Footwear Cushioning: Relating Objective and Subjective Measurements

By Goonetilleke, Ravindra S. | Human Factors, June 1999 | Go to article overview

Footwear Cushioning: Relating Objective and Subjective Measurements


Goonetilleke, Ravindra S., Human Factors


INTRODUCTION

Foot-ground interfaces exist in many different forms. Frequently the interface is a shoe or floor mat, and sometimes it is a carpet-like material, such as an Astroturf, providing specific biomechanical characteristics to help one perform effectively. Hence these interfaces can play an important role in improving functionality or performance, preventing injury, and reducing discomfort.

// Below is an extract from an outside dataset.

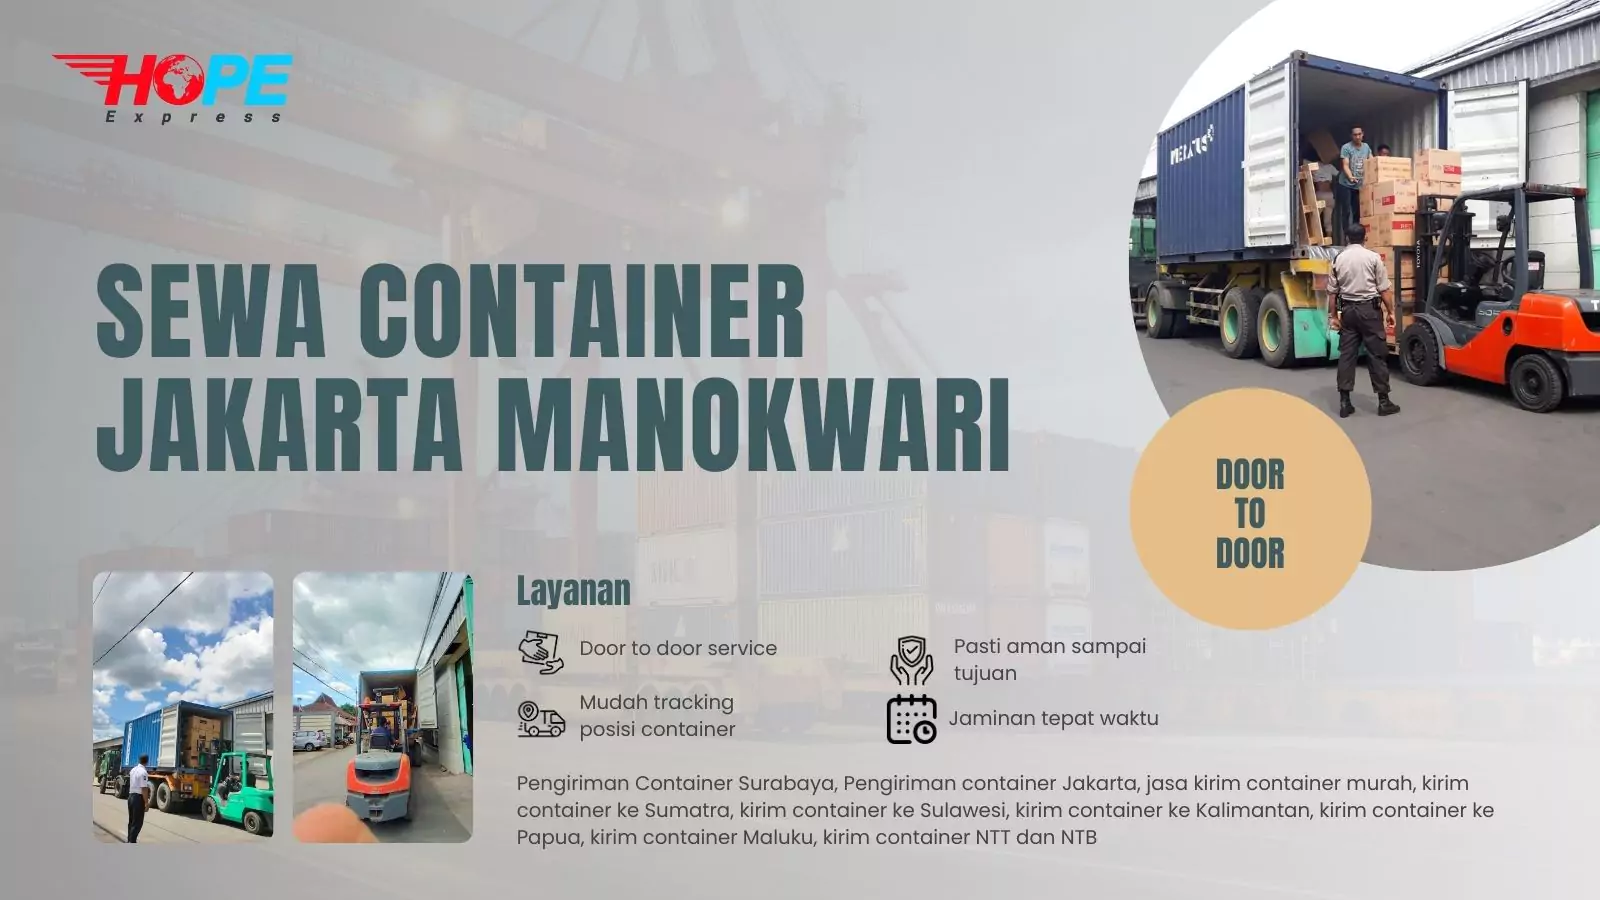 Sewa Container Jakarta Manokwari

Human movement generally involves repeated loading at the foot-floor interface, resulting in force transmission through the human feet and toward the upper extremities. Proper cushioning attenuates these impact forces and protects the musculoskeletal system from potential injury (Schwellnus, Jordaan, & Noakes, 1990). The literature indicates that the term cushioning is used to describe only those aspects of the foot-floor interface that are concerned with reduction of the transmitted forces. As a result, the foot-floor interface literature is split into two distinct categories, related to injury and discomfort. In the biomechanics literature, injury has been linked to shock absorption, whereas the ergonomics literature primarily focuses on discomfort and has always made reference to the hardness or compression of materials, or both.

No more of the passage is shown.